Yasmine Belmadi (26 January 1976 – 18 July 2009) was a French actor of Algerian parents. He appeared in 13 films, and had completed his final role, in a television production, the day before his death.

Biography
Belmadi grew up in the northern Paris suburb of Aubervilliers.
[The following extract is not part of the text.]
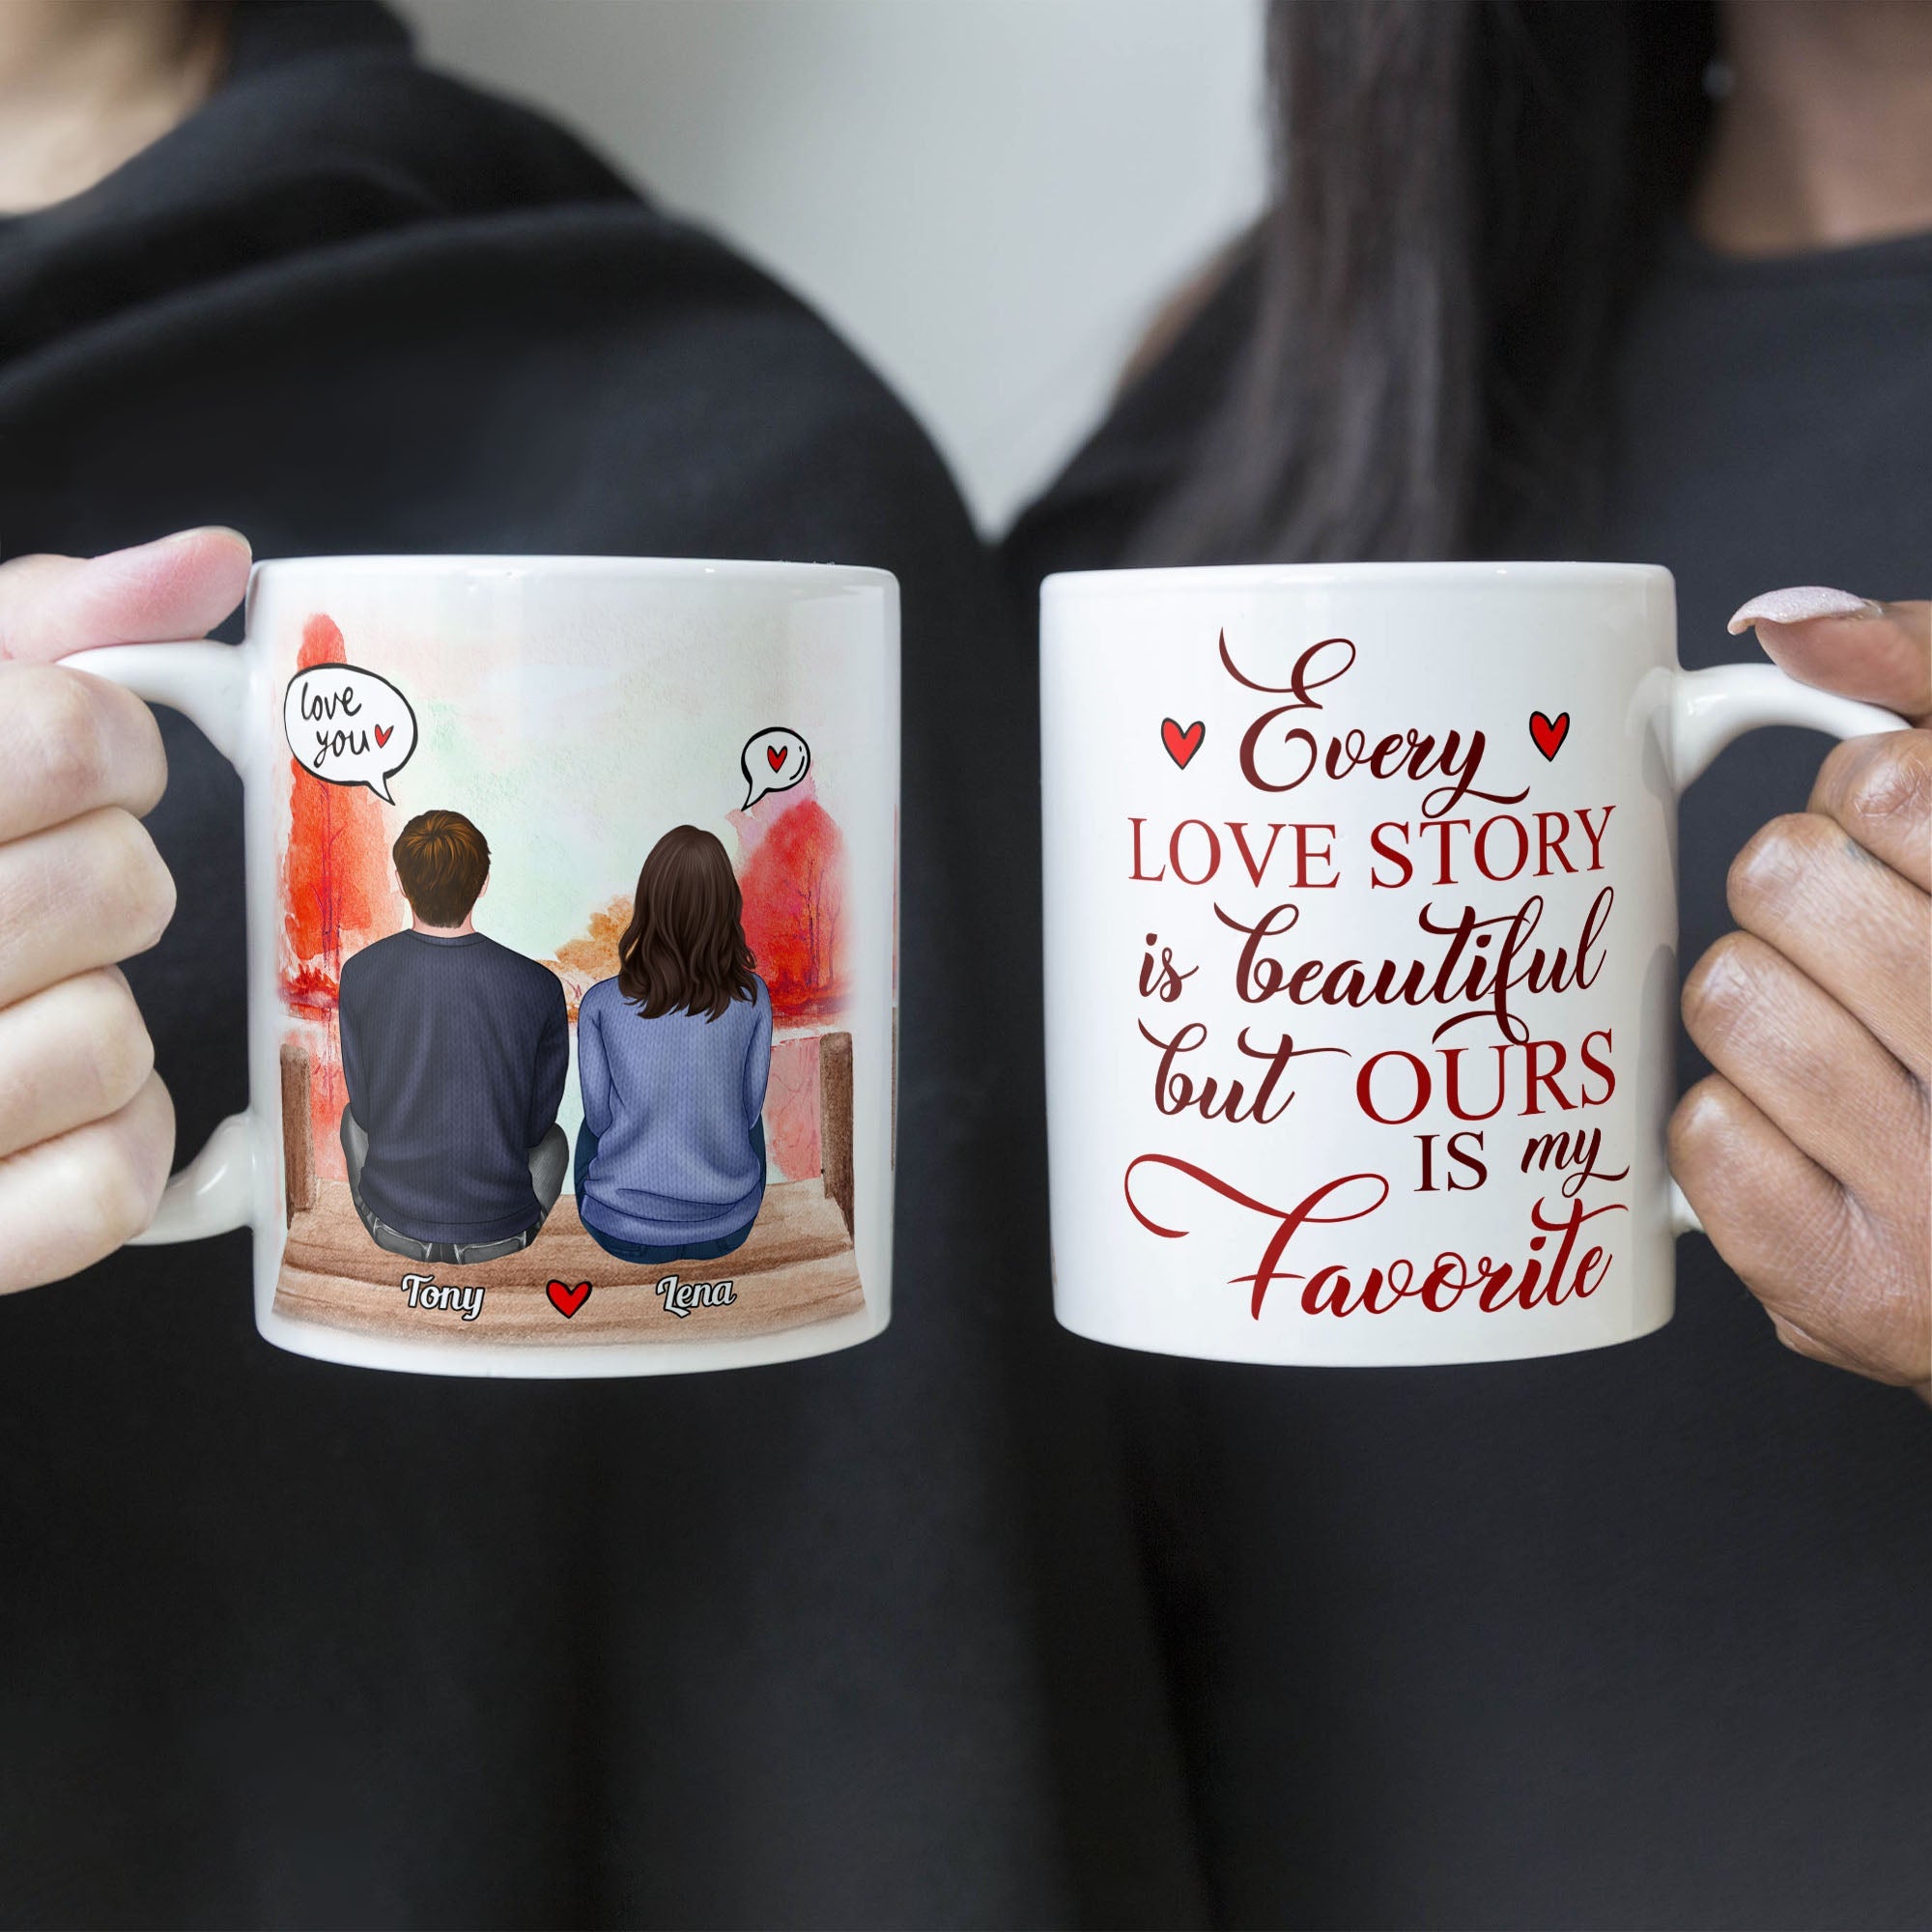 My Favourite Love Story Is Ours - Personalized Mug - Anniversary, Valentine's Day Gift For Spouse, Partner, Couple

His first screen appearance was in 1997, when he played a young gay beur in the short film Les Corps ouverts, directed by Sébastien Lifshitz.  The film was a critical success, winning two awards (the Prix Kodak and the Prix Jean Vigo) in the category of short film in 1998. Other notable films in which Belmadi appeared include Les Amants criminels, Wild Side, Beur blanc rouge and Grande École.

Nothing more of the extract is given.